With the new year almost two weeks old, typical resolutions like quitting smoking or cutting back on caffeine consumption are testing students’ willpower.
But while students deal with the aftermath of addiction, like irritability and sleeplessness, Dr. Horace Loh and his colleagues search the brain for what causes the addiction in the first place.
Loh and eight other University researchers received a $5 million grant from the National Institutes of Health to establish the Drug Addiction Research Center in Molecular and Cellular Biology.

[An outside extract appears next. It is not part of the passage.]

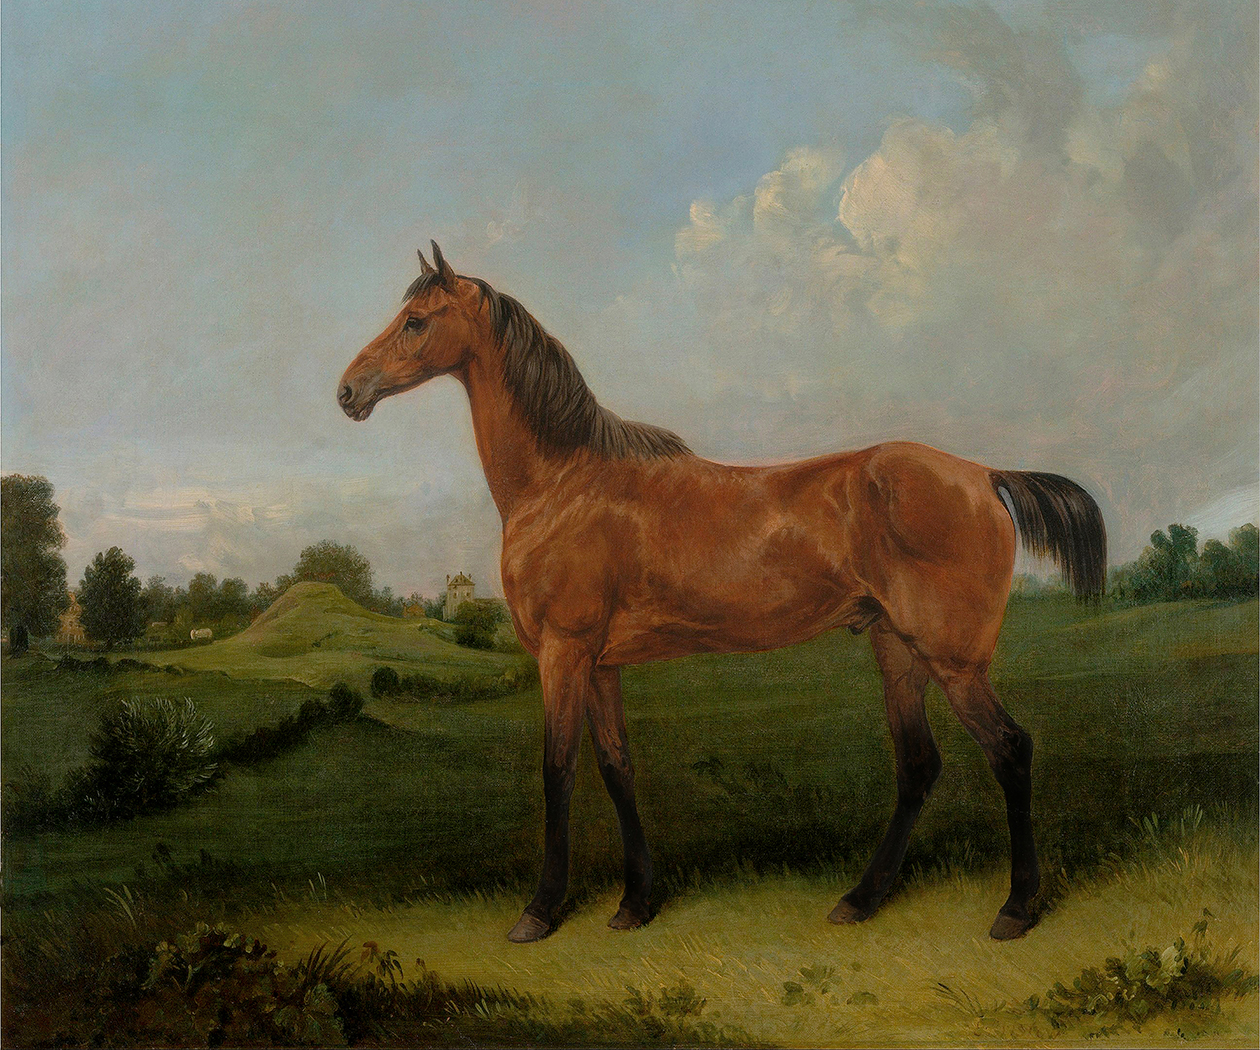 Cabin/Lodge Lodge Bay Horse in a Field Oil Painting Prin ...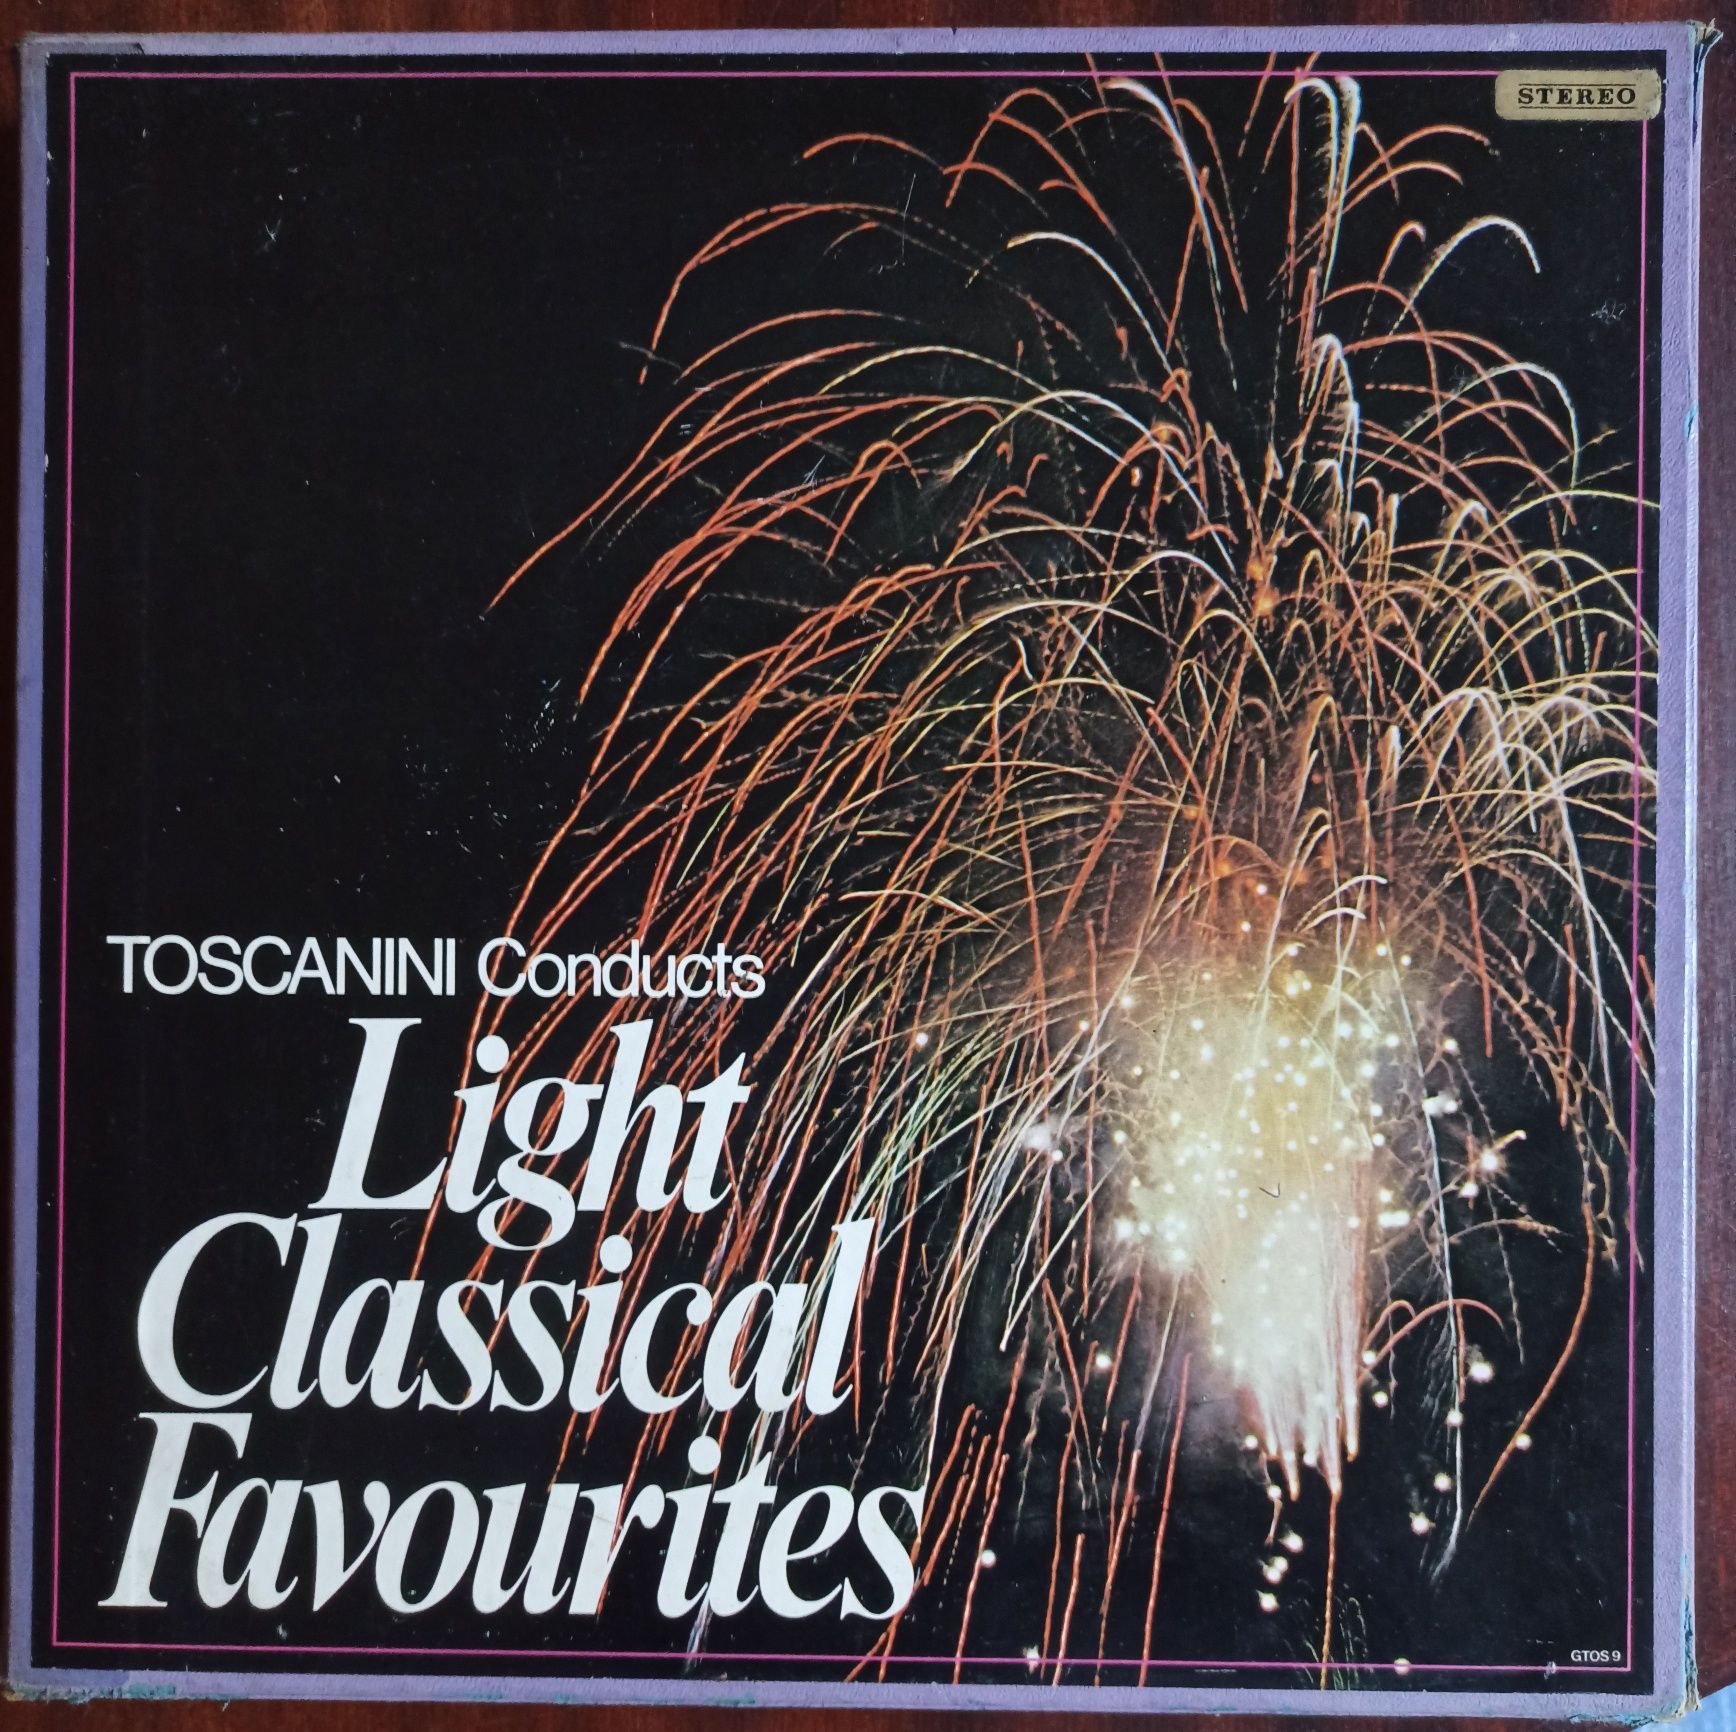 Toscanini conducts Light Classical Favourites + Concert Favourites

Boynton Health Service employee Kusuma Madamala said almost 36 percent of University students have used some sort of tobacco in the last 30 days, according to a 1998 student health survey. More than 13.5 percent of students used marijuana or hashish and .2 percent used opiates, heroin or morphine in the last 30 days.
While other drug research centers focus on the abuse of these drugs, the University’s is the first to focus on the cellular and molecular level, said Loh, who is head of the Department of Pharmacology.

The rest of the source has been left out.